Economics in the Bible's "Free Will"


In Economics 101 we teach about the different kinds of markets, one being monopoly. Monopoly means basically one seller.

The monopolists usually cannot sell at any price he/she chooses. Most products and services are not valuable enough for a person to sell everything they own to buy only one item. Life saving drugs these days come close to that. But not electricity from one electrical company cannot charge whatever it wants.

If you are a retailer you try to have something going for the others do not. It might be location, engineering, style or ingredients.

Religions are not much different. Both religions of ancient history and more modern ones sold something others did not. From its earliest origins we can see the gears turning in the minds of wealthy Jews and Christians, "How can we structure this story so believers have to come to us and cannot buy some other religion's story?"
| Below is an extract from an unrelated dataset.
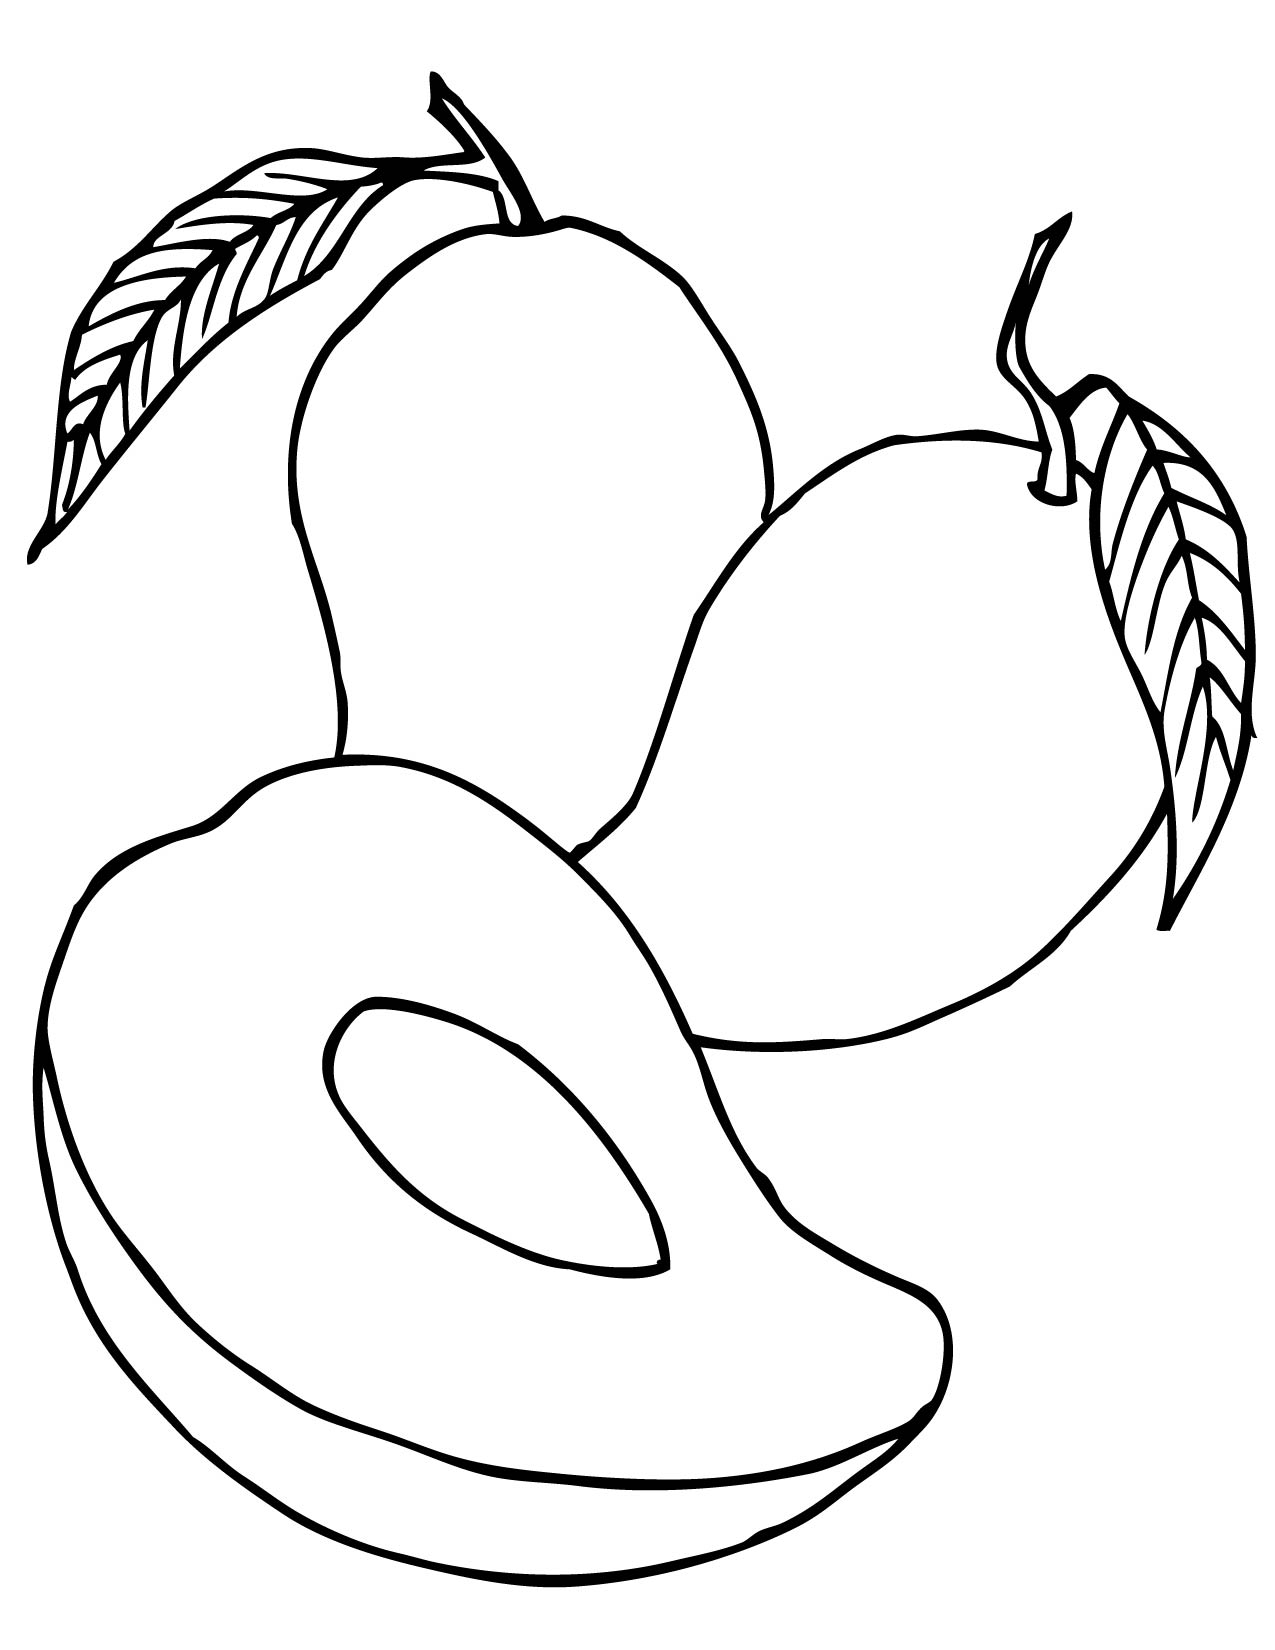 Disegno di Frutto della pera da colorare
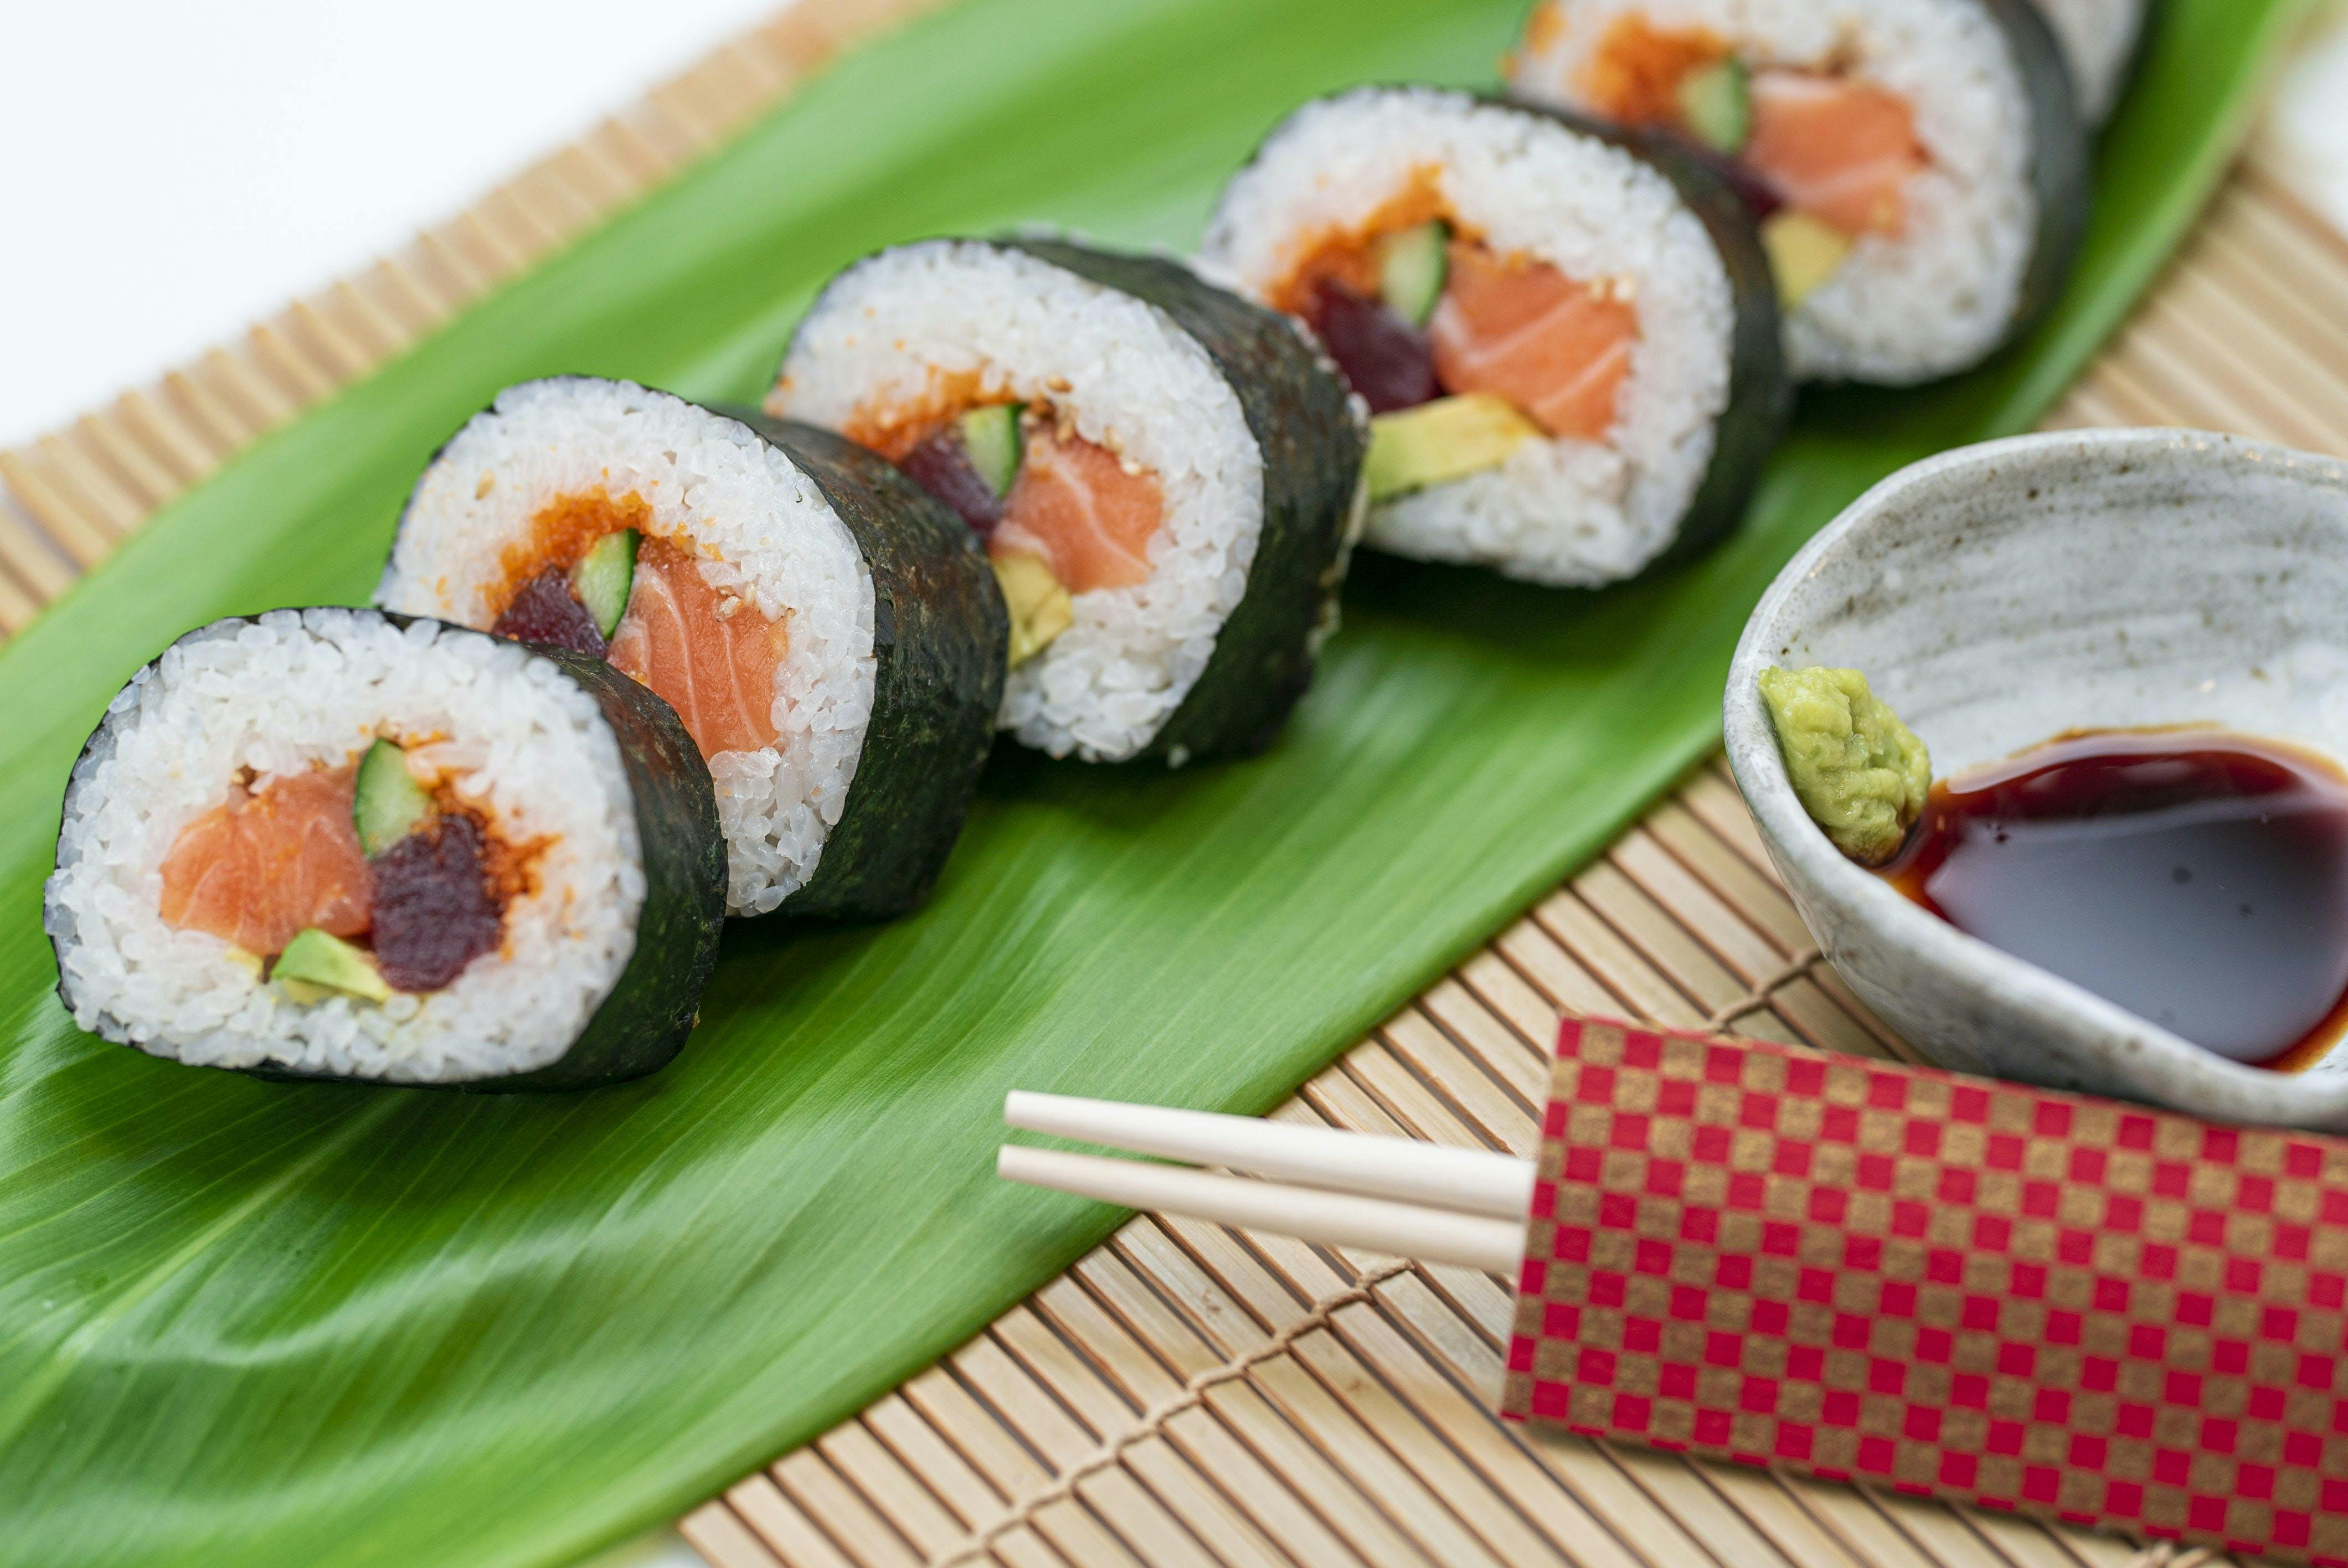 Honolulu Fish Co. Nigiri & Maki Roll Home Sushi Kit

They started with a god that granted followers the opportunity to sin and called it "free will." Free will was necessary because there had to be sin. If there was neither free will nor sin there was no need for a god to grant forgiveness. By calling humans sinners resulting from free will and claiming there was but one way to get forgiveness they created a monopoly.

This monopoly was successful as long as consumers did could not easily shop for other versions of religion. I've read that there has been a relationship between religious belief and what we might call remoteness. Rural people tended to be more religious than urbanites. It was harder for them to shop around.

 Better highways made diving to other churches easier. The churches people grew up in did not hold people as adults.

The most powerful competition came with the internet. With it people came to learn they could forgo all religion.

All religions retain a bit of monopoly power, each being slightly different. Now, however, not believing has some monopoly power as well. It can market itself as the only way to avoid religion.